Blood samples were drawn from the antecubital vein between 09:30 and 10:00 AM after > 8 h of overnight fasting at the time of OGTT. HbA1c was more sensitive, whereas OGTT was more specific. Thus, we think that a single measurement to diagnose diabetes is unwarranted. HbA1c was measured from a blood sample obtained on the same day by an automated ion-exchanged chromatography (BIO-RAD mini column).
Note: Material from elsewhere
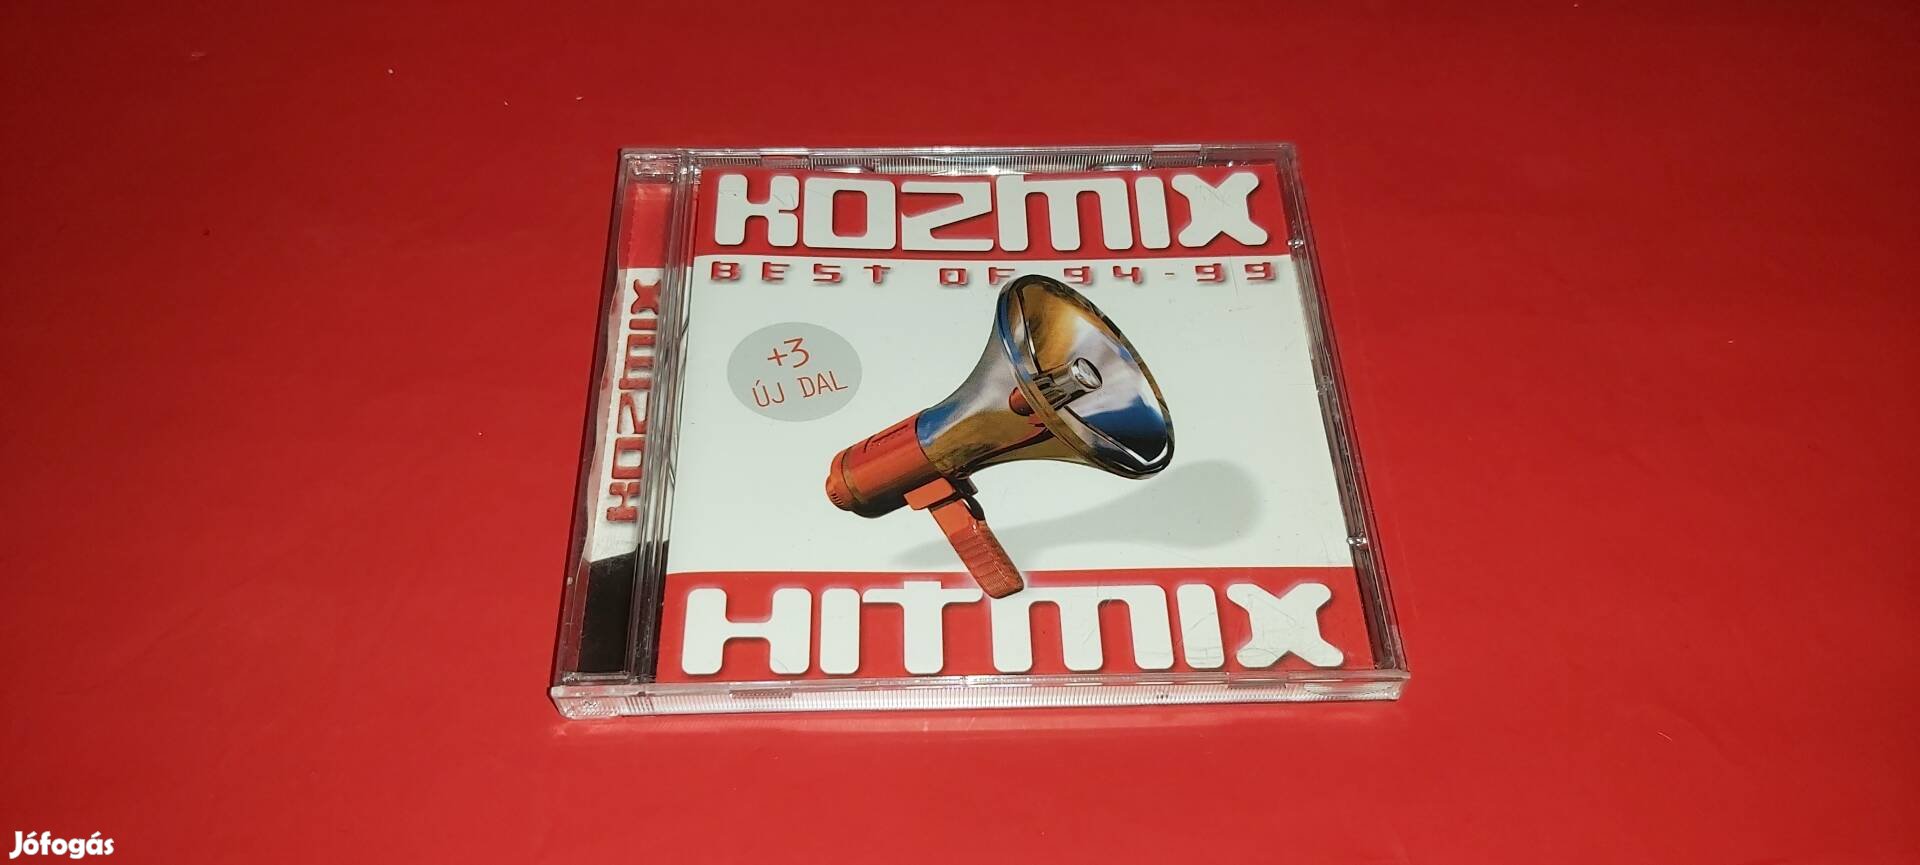 Kozmix Hitmix Best of 1994-1999 Cd

Blood tubes were centrifuged for 10 minutes at 1500 × g after clotting for 30 minutes at room temperature. Plasma samples were subsequently stored at -80°C until further analysis of insulin and Fetuin-A levels.

Clinical data

The gender, age, height, body weight, systolic pressure and diastolic pressure of the patients were recorded, the body mass index (BMI), the homeostatic model assessment index of IR(HOMA-IR) and HOMA-beta-cell insulin secretion index = 20 × FINS/(FBG-3.5) [18] were calculated in all subjects.

Measurement of plasma Fetuin-A levels

Plasma Fetuin-A levels were measured with a commercially available ELISA kit (R&D Systems, Minneapolis, MN, USA).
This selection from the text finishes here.